▸ **Exercise data**
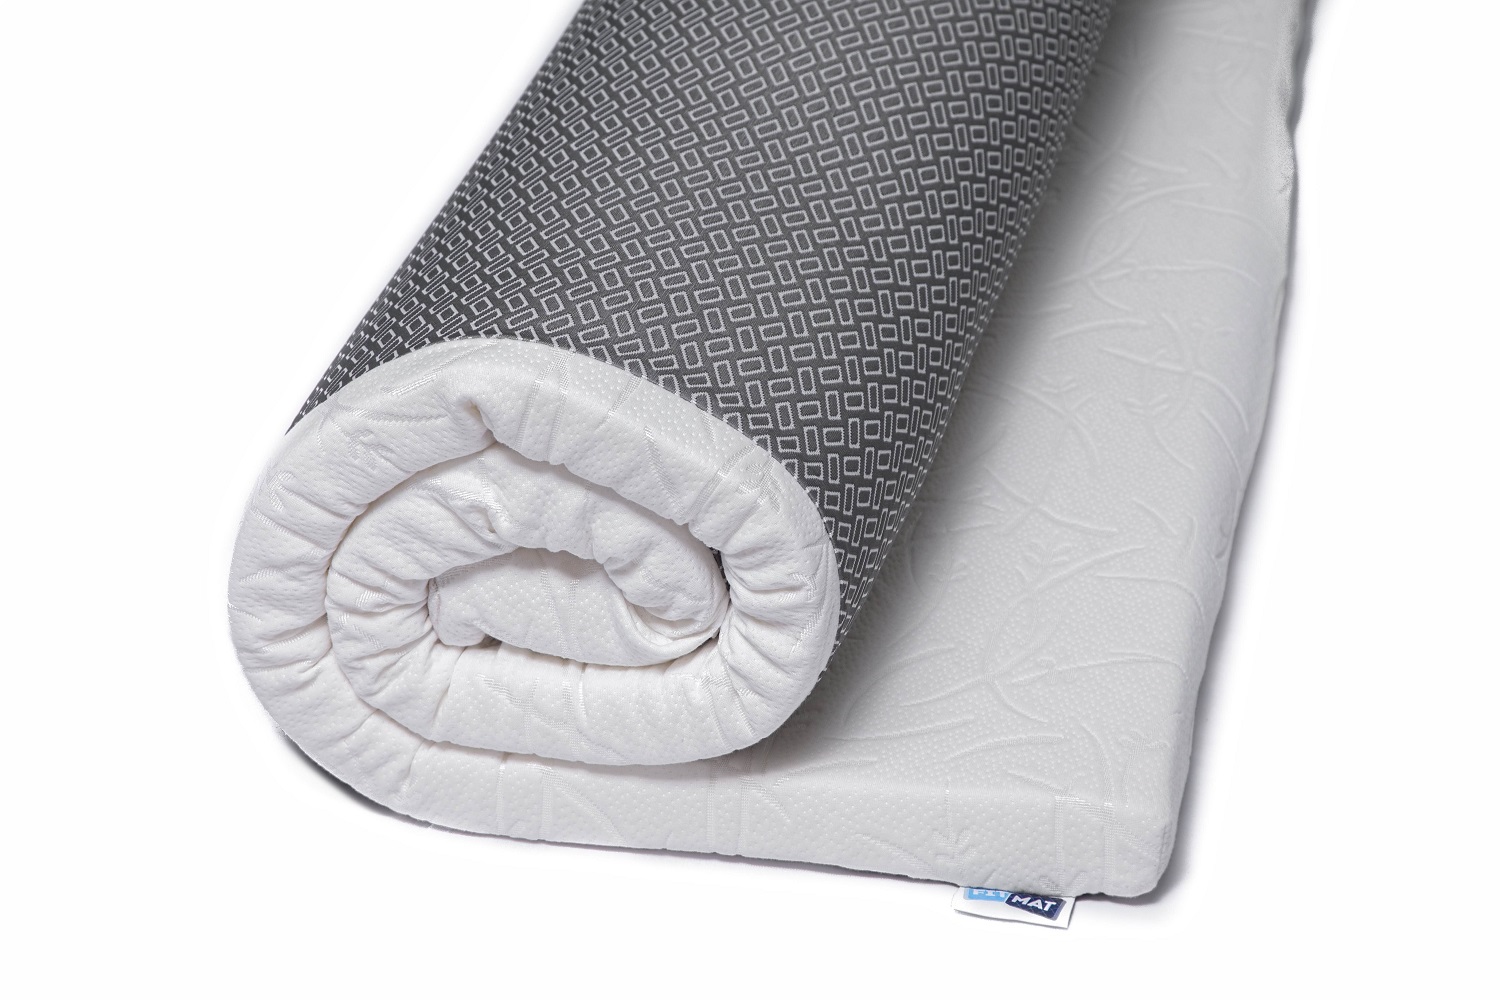 orthopedic gel foam mattress topper reviews
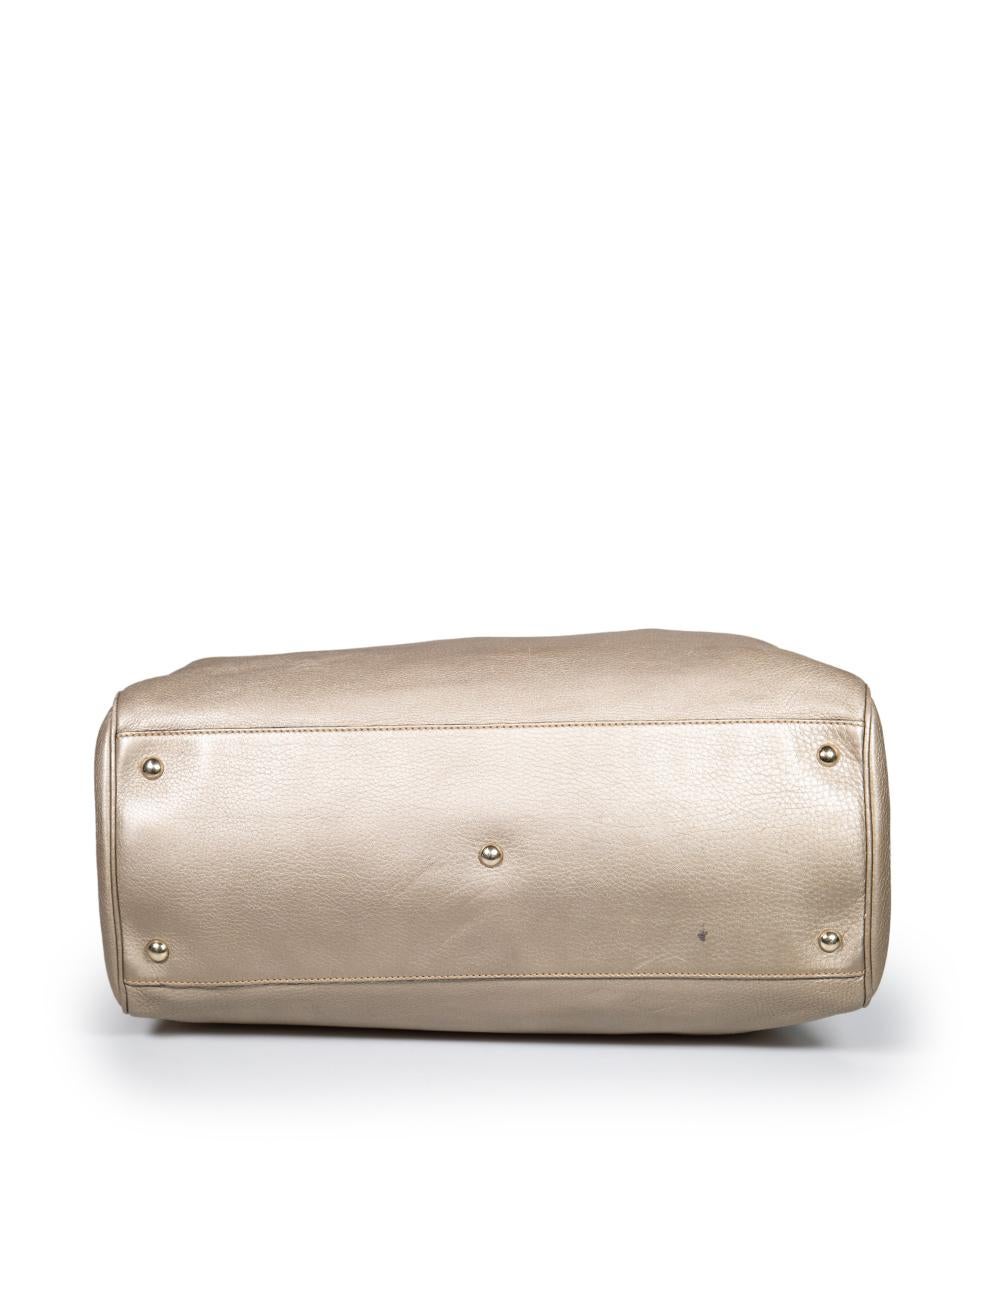 Women's Gucci Taupe Metallic Leather Bamboo Handbag
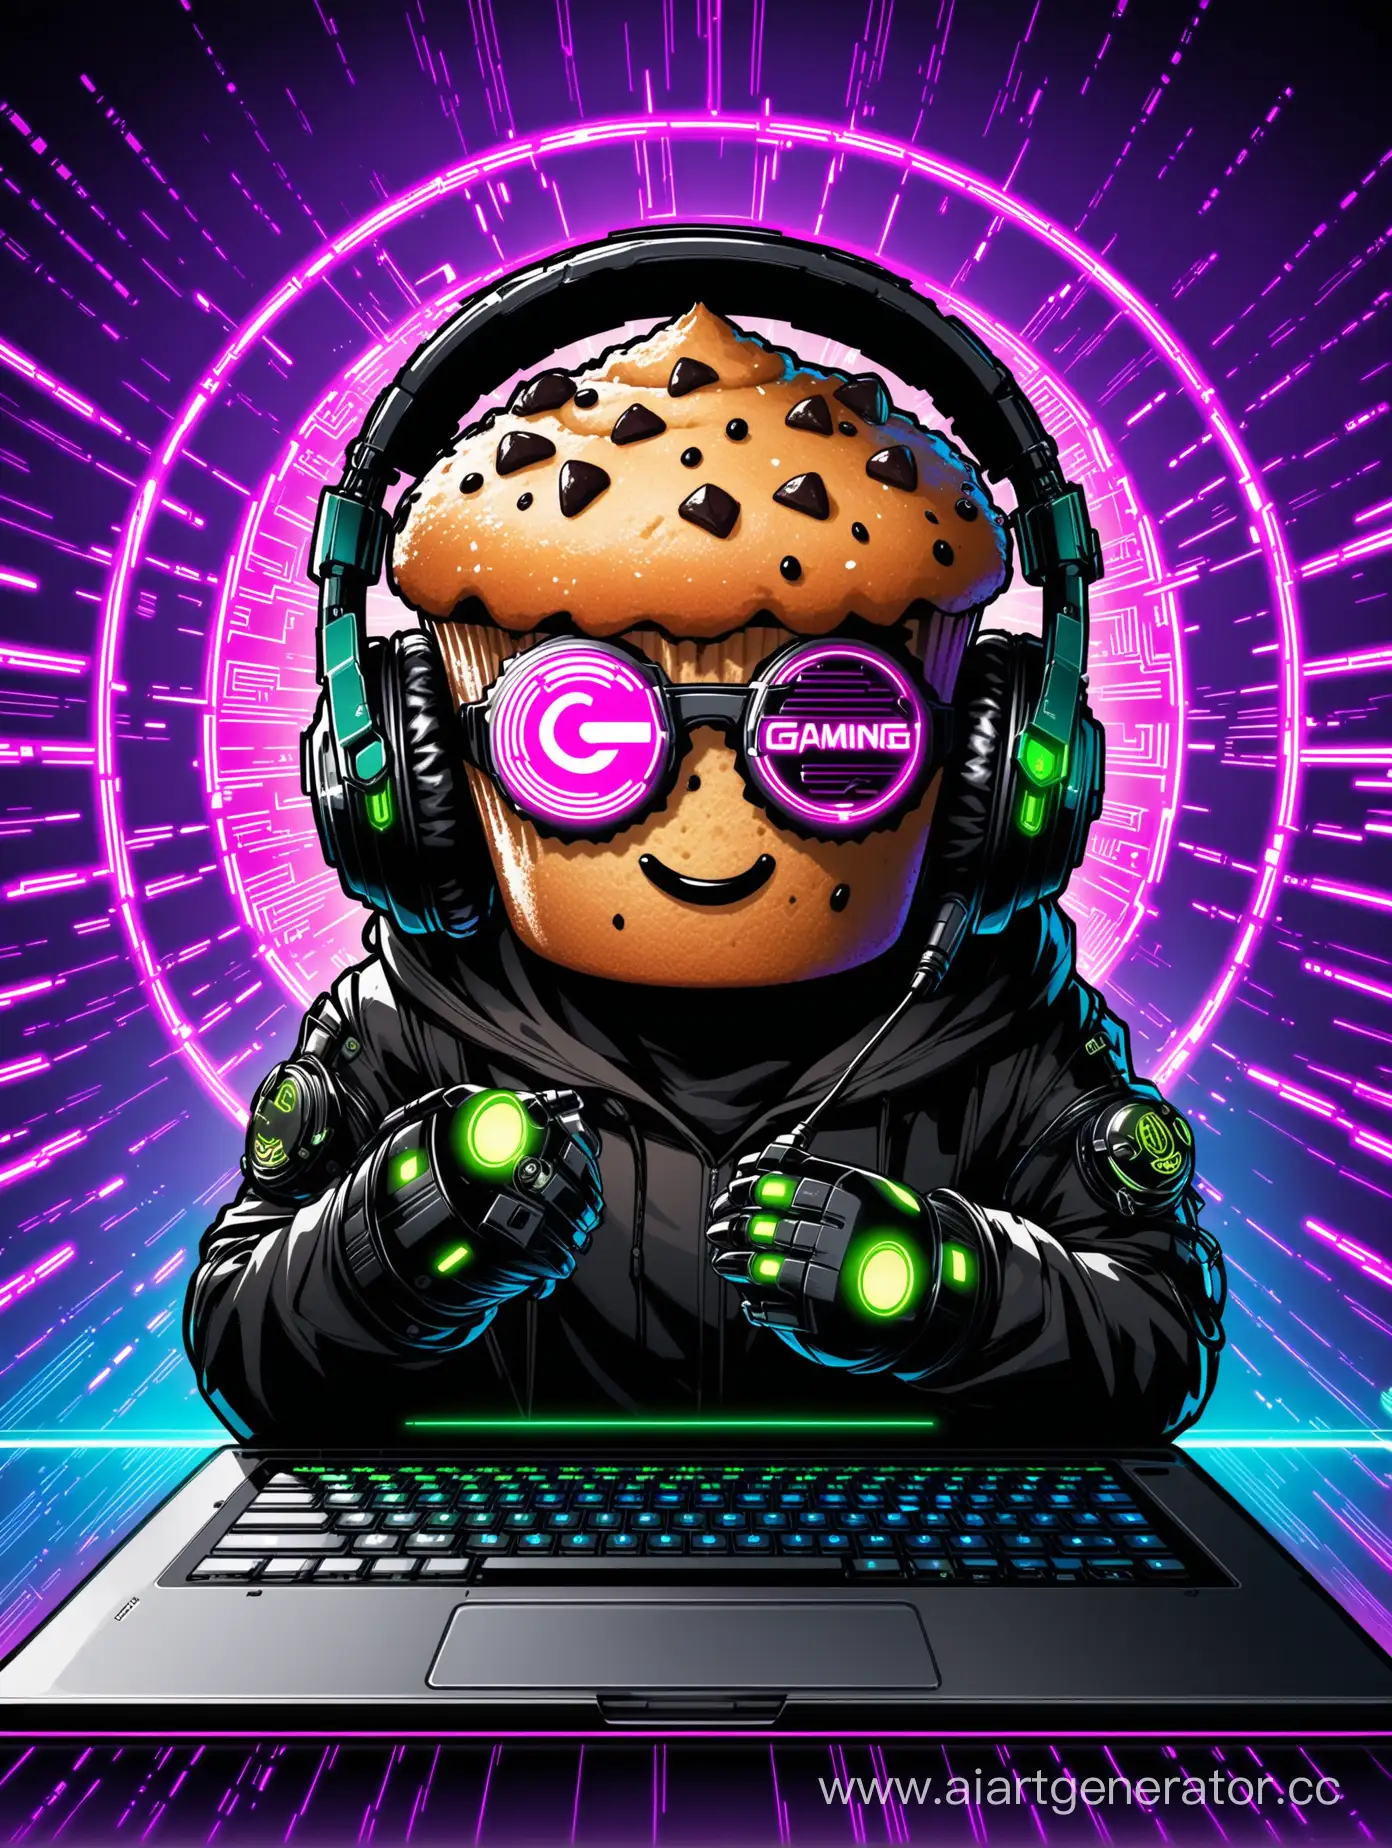 Cyberpunk-Muffin-with-Gaming-Gear-Futuristic-Dessert-with-Tech-Accessories
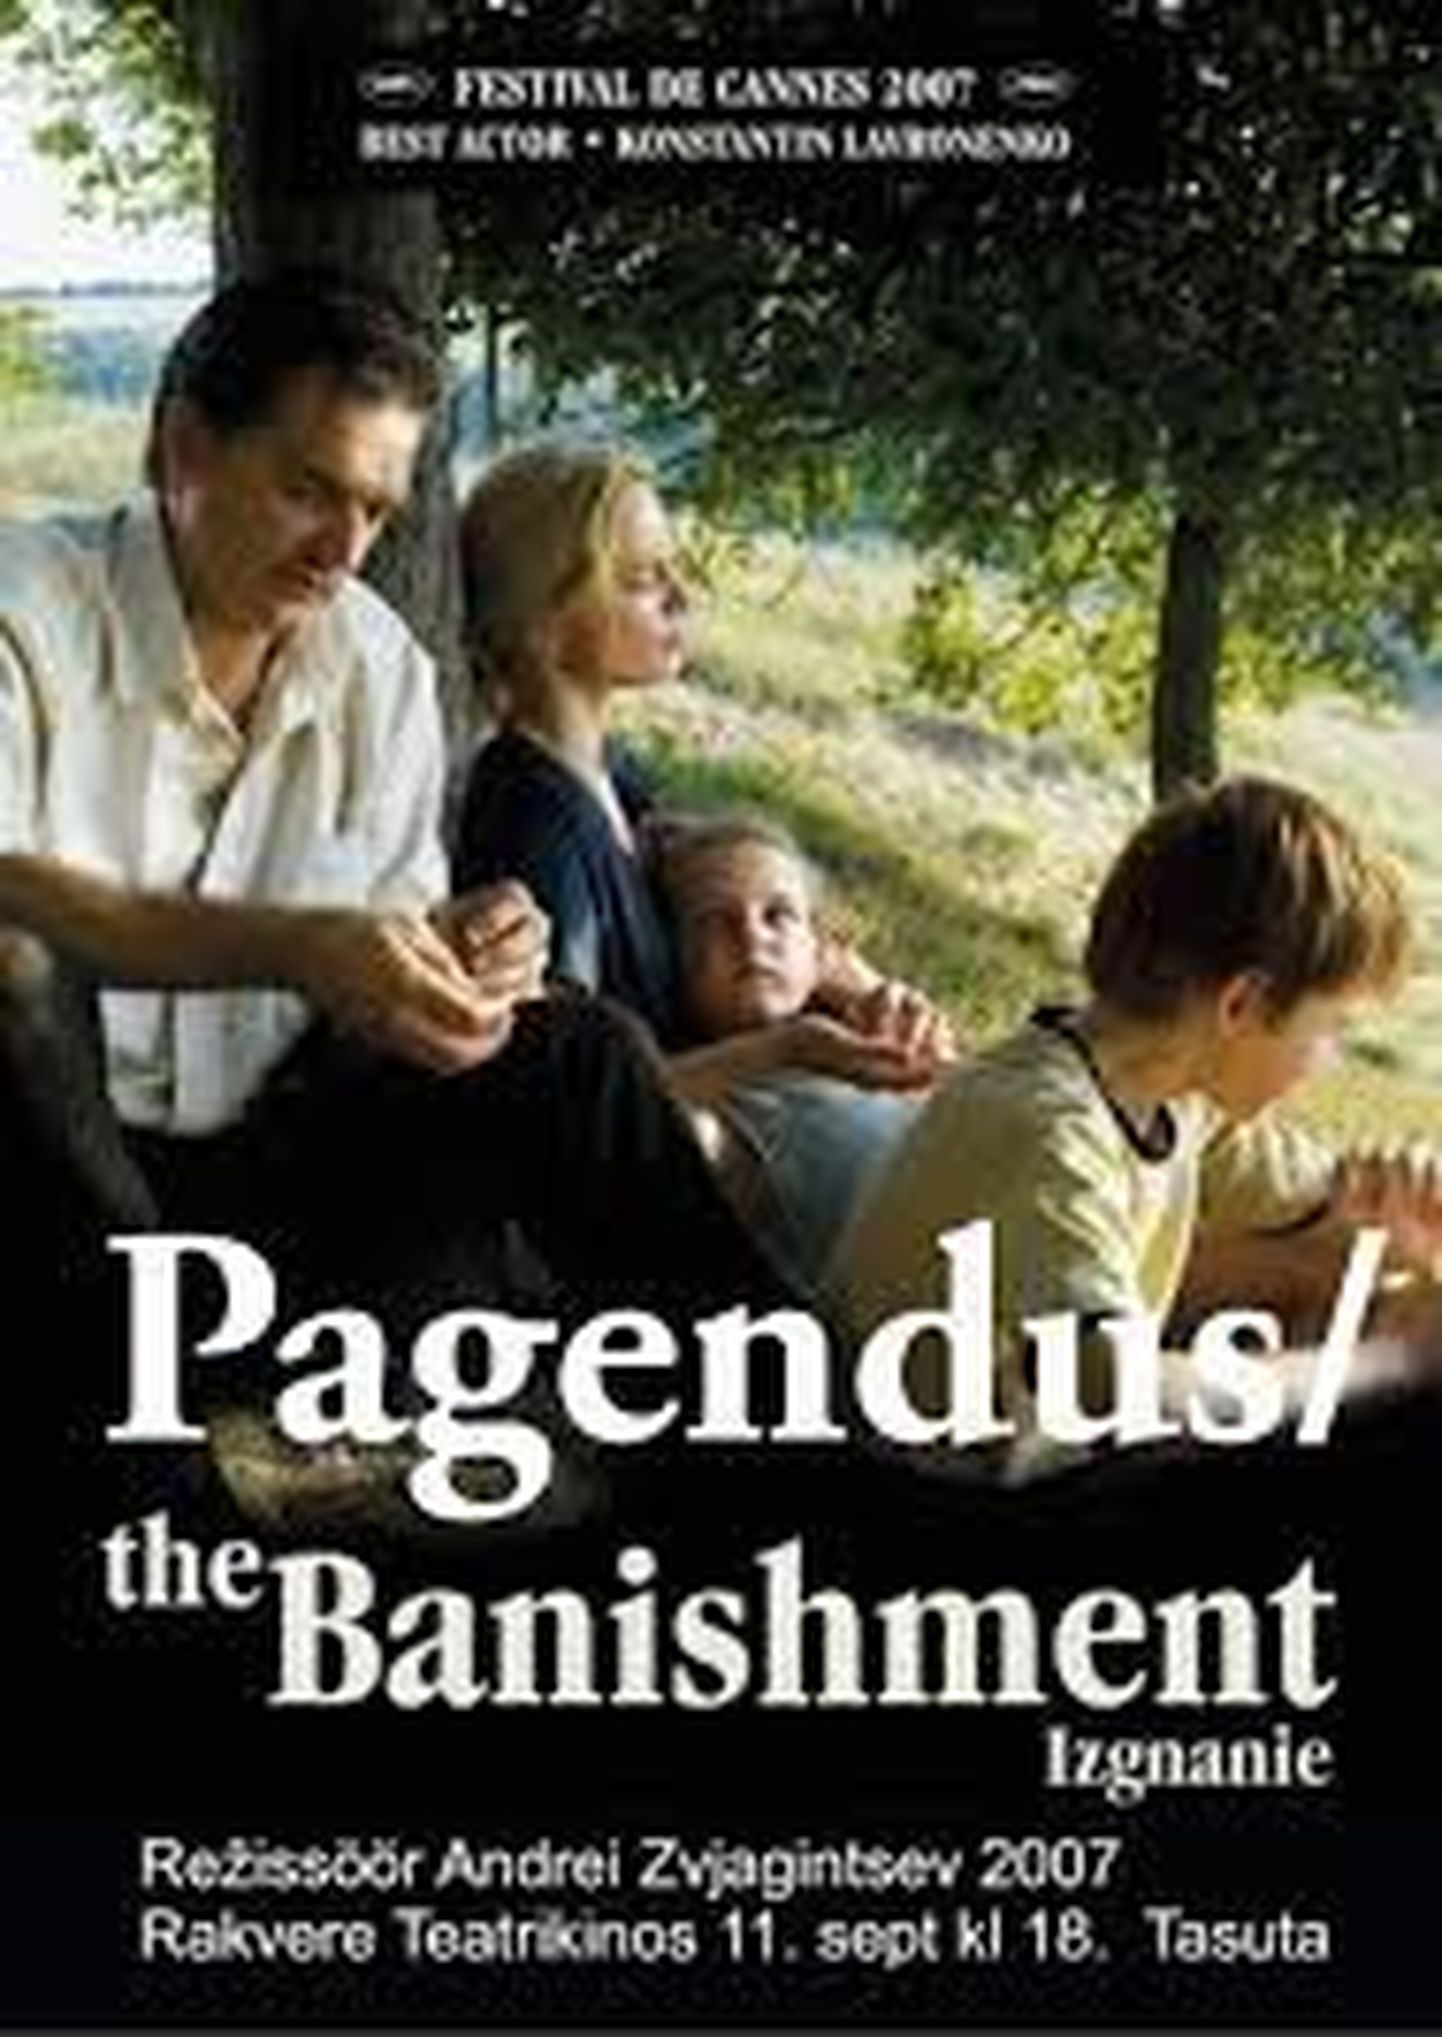 "Pagendus/The banishment".

▸ **What is needed**
Print each line of the material above exactly, with the pictures removed from your copy.

▸ **Output of the task**
 orthopedic gel foam mattress topper reviews
 Women's Gucci Taupe Metallic Leather Bamboo Handbag
 Cyberpunk-Muffin-with-Gaming-Gear-Futuristic-Dessert-with-Tech-Accessories
 "Pagendus/The banishment".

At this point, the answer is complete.